At the end of the event, she was placed 1st runner-up and won the continental titles for Miss Beautiful Hair, Best National Costumes Award and Miss Body Perfect Award.

However, she was stripped of her pageant title after she posted a video online blaming the Arakan Rohingya Salvation Army for ethnic violence in Rakhine State.

===Miss Golden Land Myanmar 2018===
She joined Miss Golden Land Myanmar which was held in the Grand Ballroom of Taw Win Garden Hotel, in Yangon on 14 August 2018. At the end of the event, she was crowned Miss Supranational Myanmar 2018 and represented Myanmar at Miss Supranational 2018.

===Miss Supranational 2018===
She represented Myanmar at the Miss Supranational 2018 pageant which was held in Krynica-Zdrój, Poland. She was placed in the top 21.

===Take on Military Coup ===
Early in her career, she attracted considerable media attention and gained a large fan base due to her outspoken personality. She was well-known for her advocacy against mistreatment within the pageant world and other social injustices.
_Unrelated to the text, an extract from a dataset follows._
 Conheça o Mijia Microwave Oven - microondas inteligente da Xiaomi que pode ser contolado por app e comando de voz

However, many fans expressed disappointment at her silence regarding the military coup that occurred on February 1, 2021, and the atrocities committed by the military against unarmed protesters. Public discontent grew further when her brother used a media platform to identify himself as a staunch supporter of the military, defending its actions and accusing civilians of rejecting the military's efforts on behalf of the country.

==Acting career==
Shwe Eain Si started her acting career in 2017. She made her acting debut with the film Tin String with actors Phyo Ngwe Soe, Eaindra Kyaw Zin, Ye Naung and Aung Yell Htwe.
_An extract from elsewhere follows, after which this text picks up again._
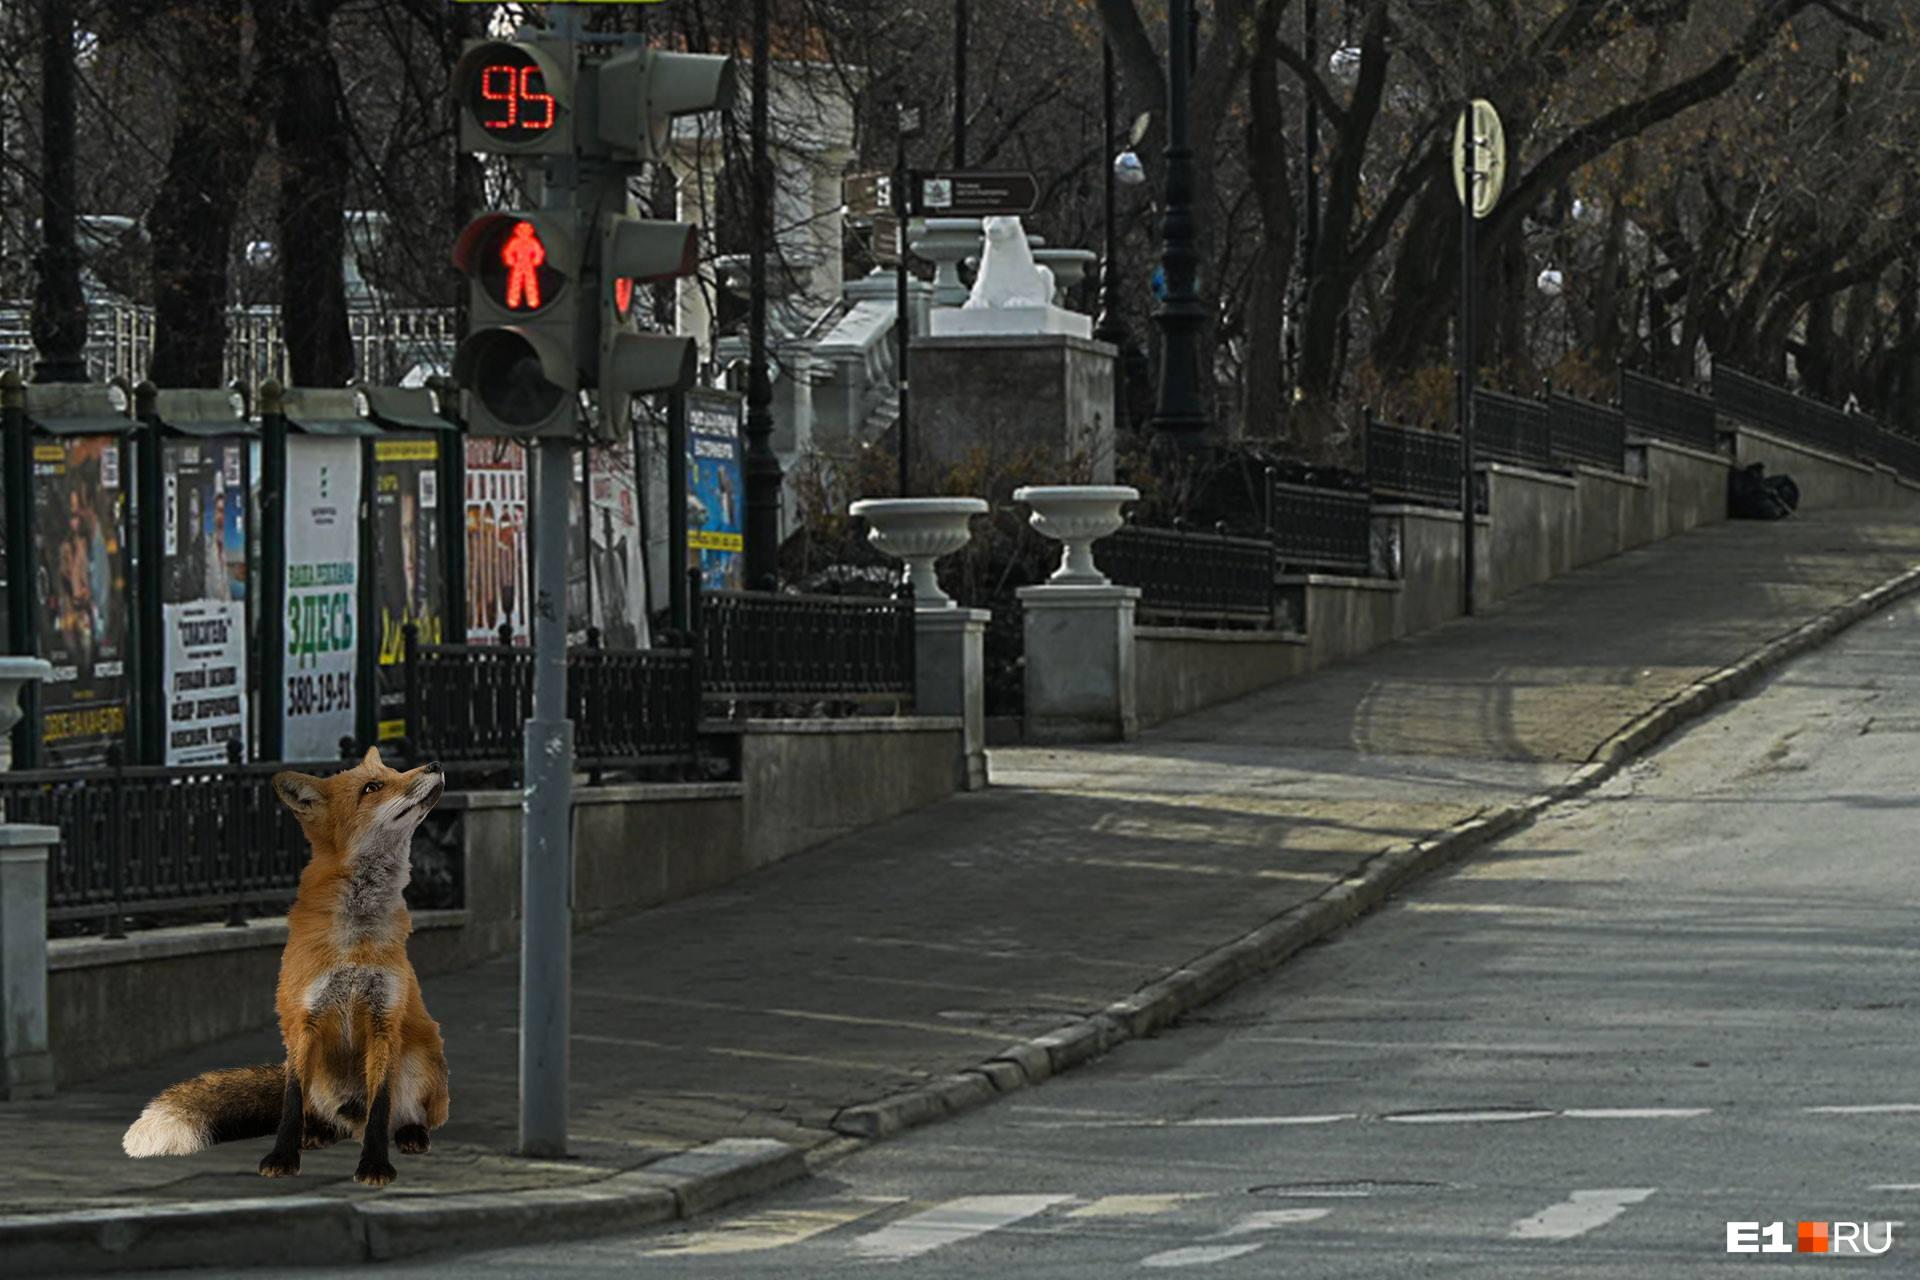 Лисы, кстати, довольно часто приходят в город

In 2019, she played the leading role in the Burmese big screen film The Naked Ghost directed by Pwint Theingi Zaw. The same year, she starred in the film "Jin Party" alongside Yan Aung, Lu Min, Min Maw Kun, Ye Yint Aung, Htoo Aung, Eaindra Kyaw Zin.

==Filmography==

List of films
| Year | Title | Director | Co-Stars | Role |
|---|---|---|---|---|
| 2019 | The Naked Ghost | Pwint Theingi Zaw |  |  |
| 2019 | Tin String | Arkar | Phyo Ngwe Soe, Eaindra Kyaw Zin |  |
| 2019 | Jin Party |  | Yan Aung, Lu Min, Min Maw Kun, Ye Yint Aung, Htoo Aung, Eaindra Kyaw Zin, Yin Latt, Bella, Kin Hlaing, Ko Pok, Joker and K Nyi |  |
| TBA | Lu Gyi Lu Kaung | Pyi Hein Thi Ha | Htet Htet Htun, Sis Yun Wady Oo, Yunn Wint Hlwar Aung, Lwin Moe, Lu Min (actor), Pyay Ti Oo, Nay Toe, Soe Myat Thuzar |  |
| TBA | Three | Pyi Hein Thiha | Gone Pone, Htet Htet Htun, Maeya Sunsun, Nang Khin Zay Yar, Myint Myat |  |
| TBA | Maryar Rahtarr maunggtae meinma |  | Ye Yint Aung, Htet Htet Moe Oo, Ei Chaw Po, Nan Su Oo |  |

==Personal life==
Shwe Eain Si has been in a relationship with businessman Aye Ne Win since 2017. They are referred to as 'nationalist power couple' for supporting the anti-Rohingya movement in Myanmar.